Would you please print exactly the lines that run from the one with "Graceful cat coloring book for kids" to the last line of the data, both included, without any pictures?

> Given data
···

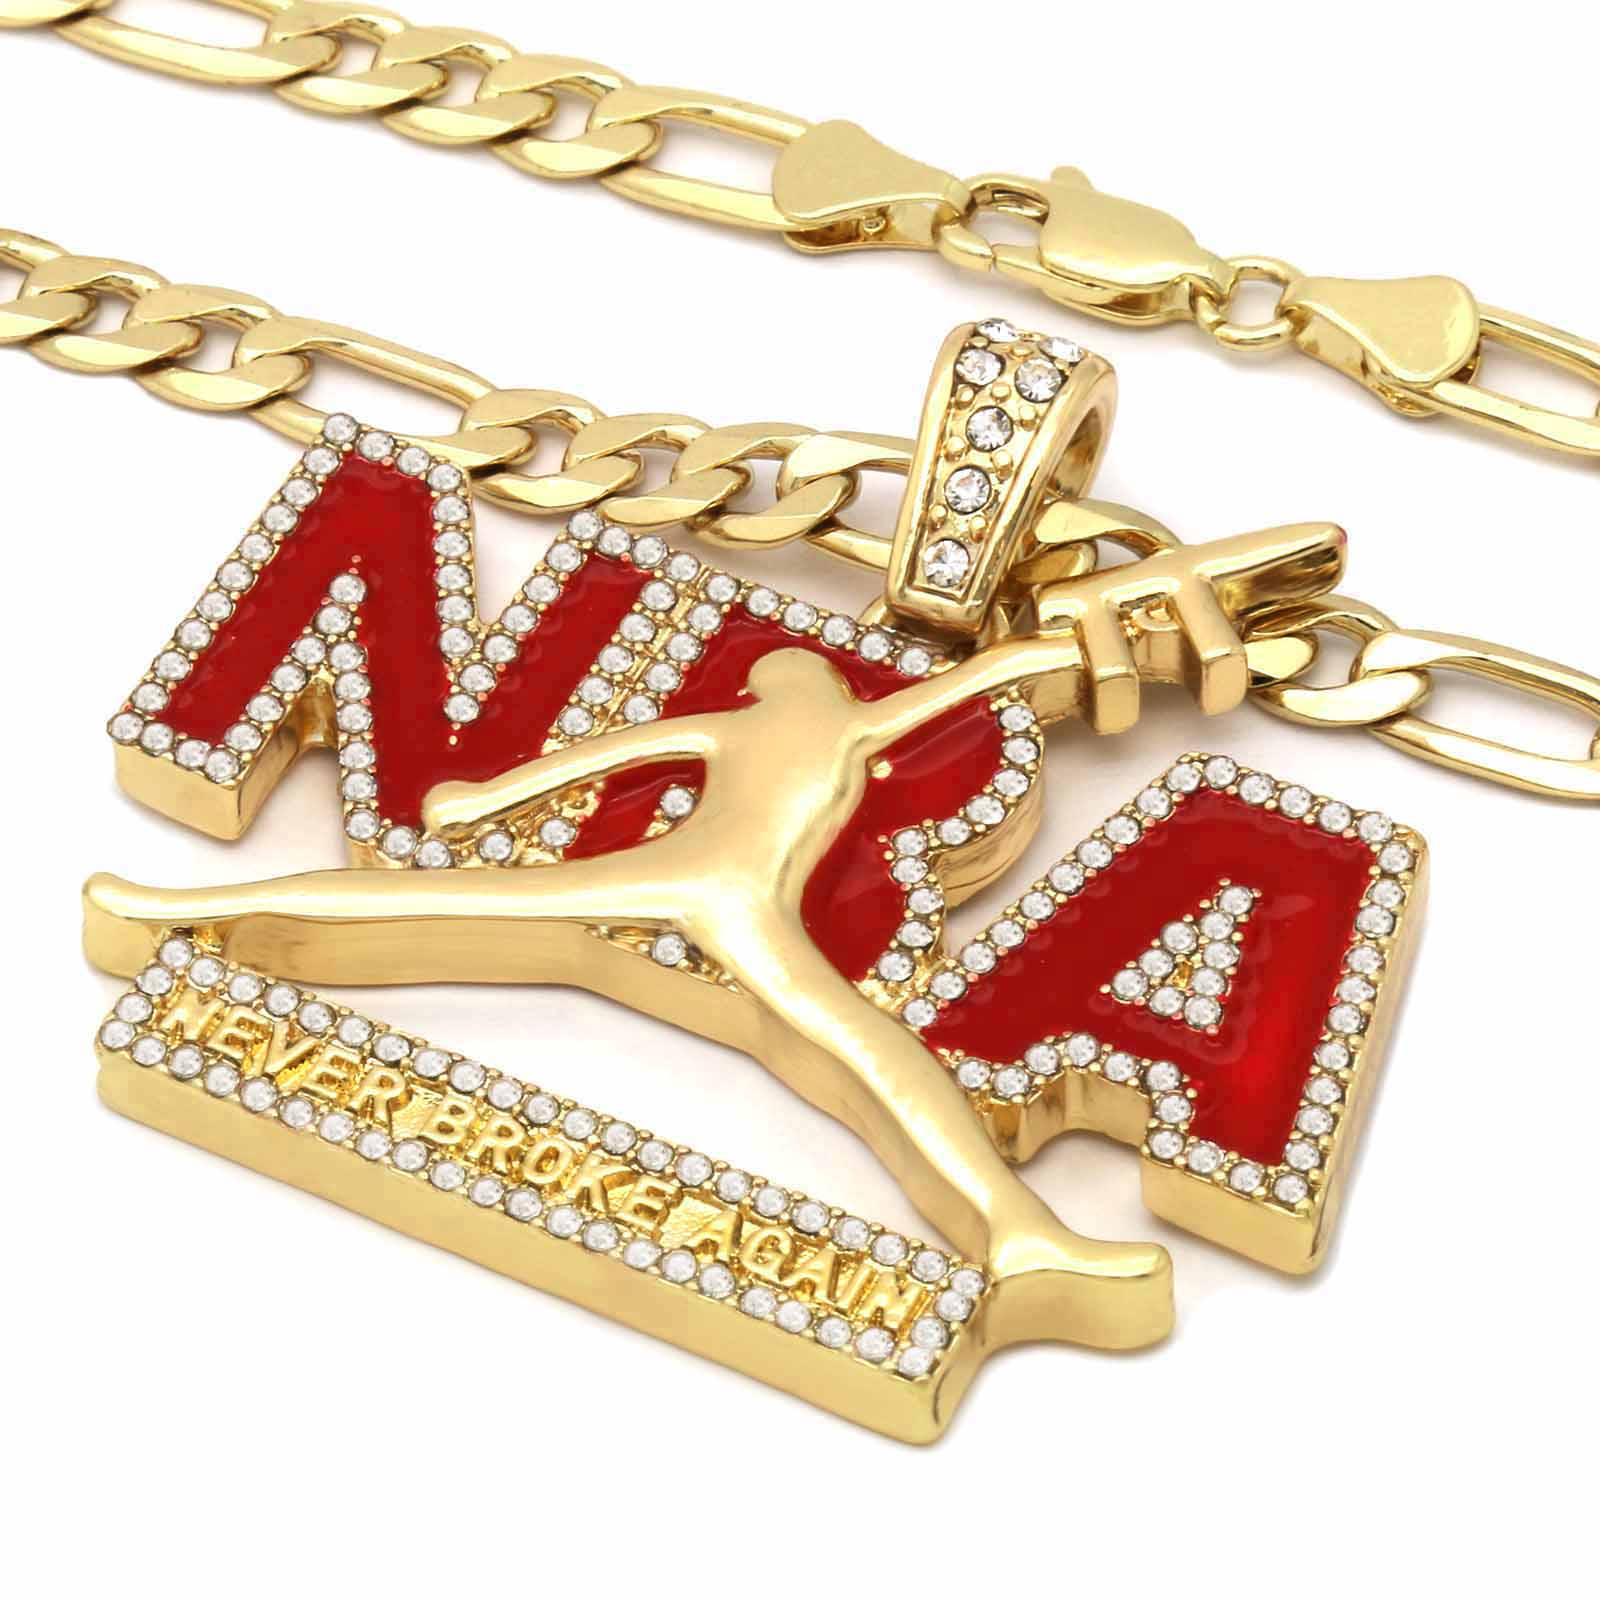 The Never Broke Again Necklace
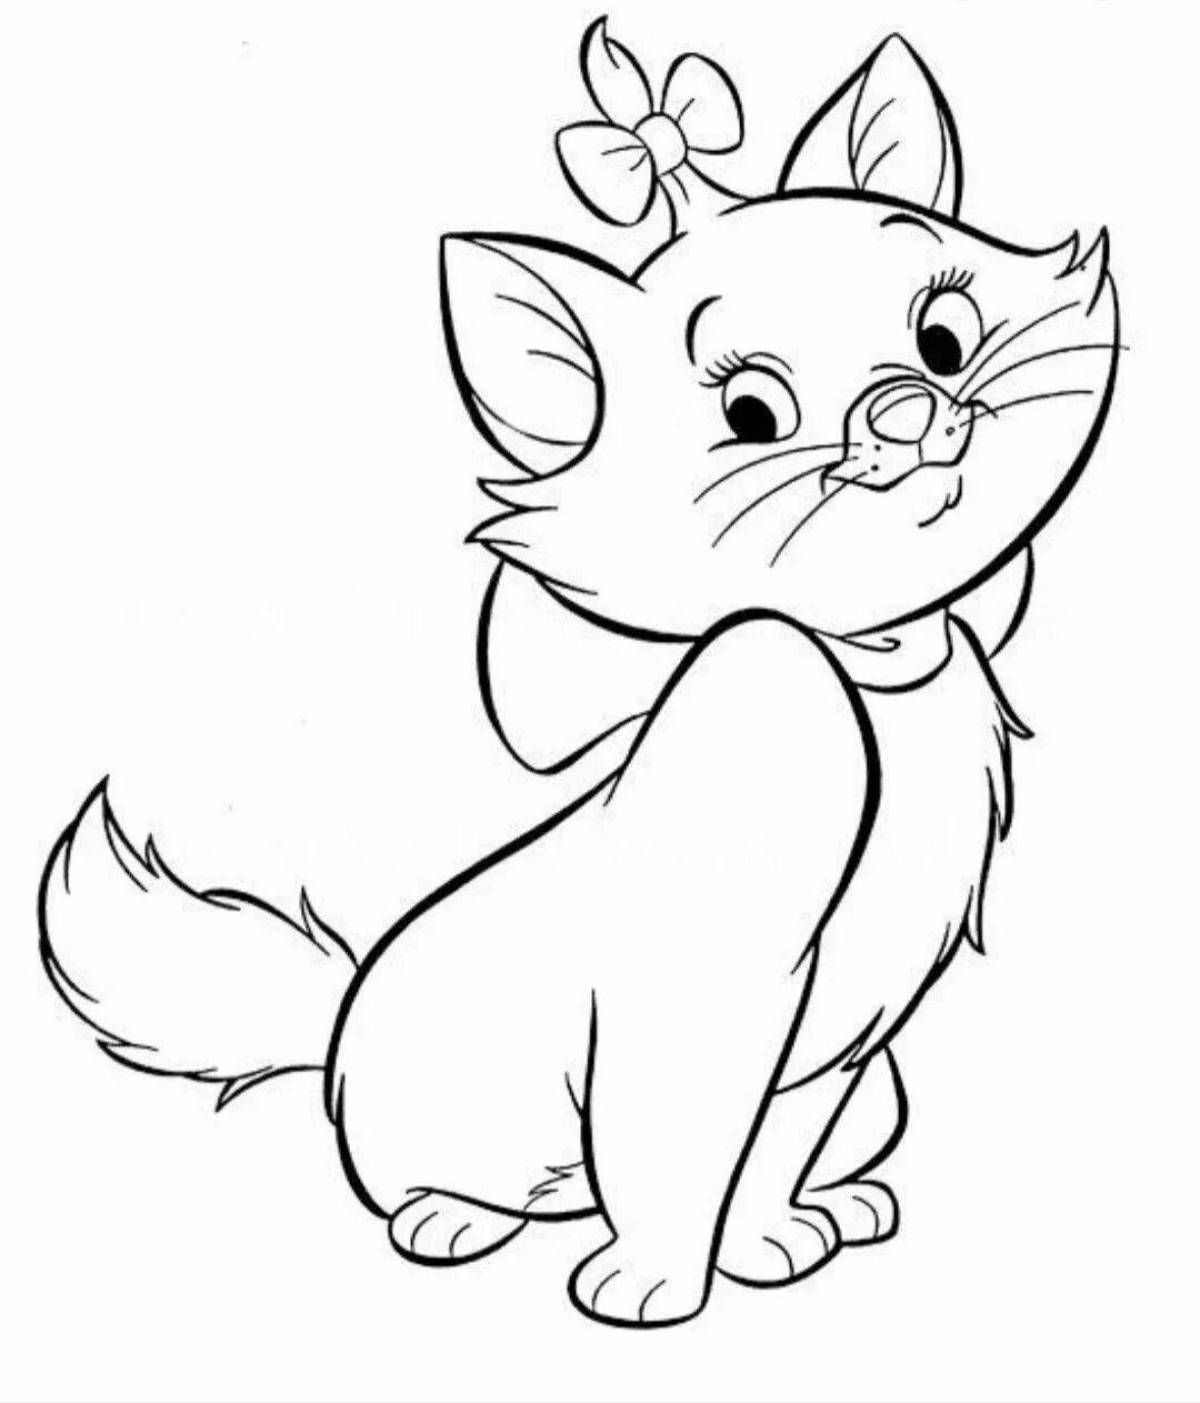 Graceful cat coloring book for kids
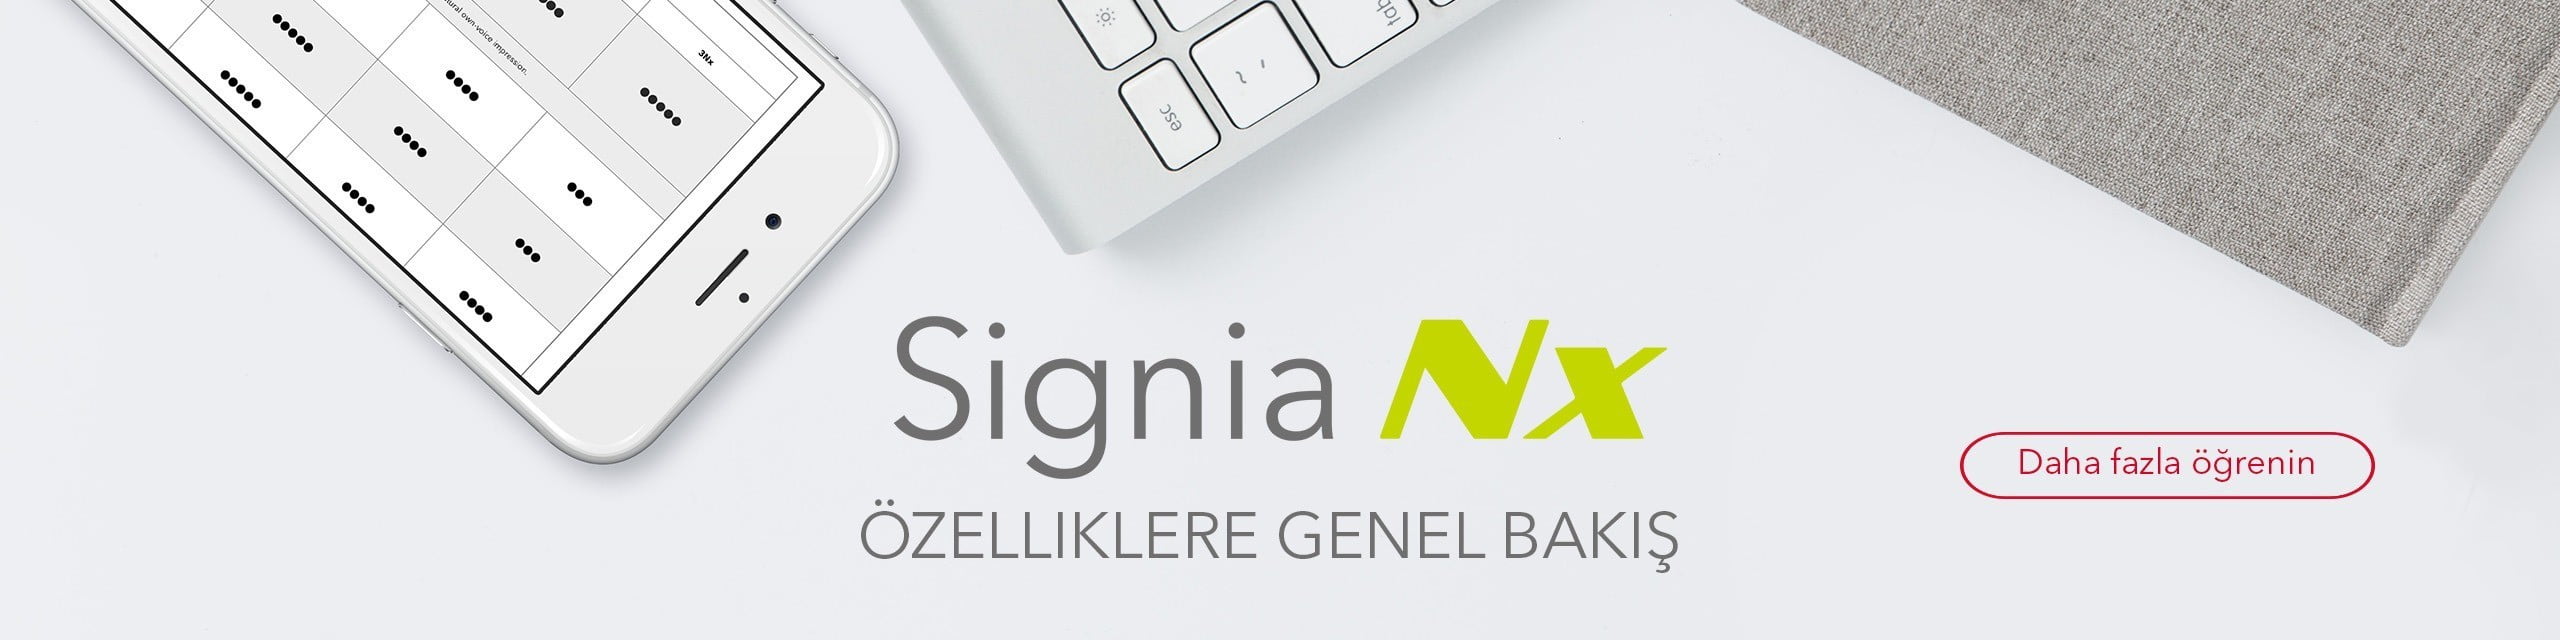 Signia NX TR ozellikler - Pure Charge&Go Nx

···

> Solution to this exercise
 Graceful cat coloring book for kids
 Signia NX TR ozellikler - Pure Charge&Go Nx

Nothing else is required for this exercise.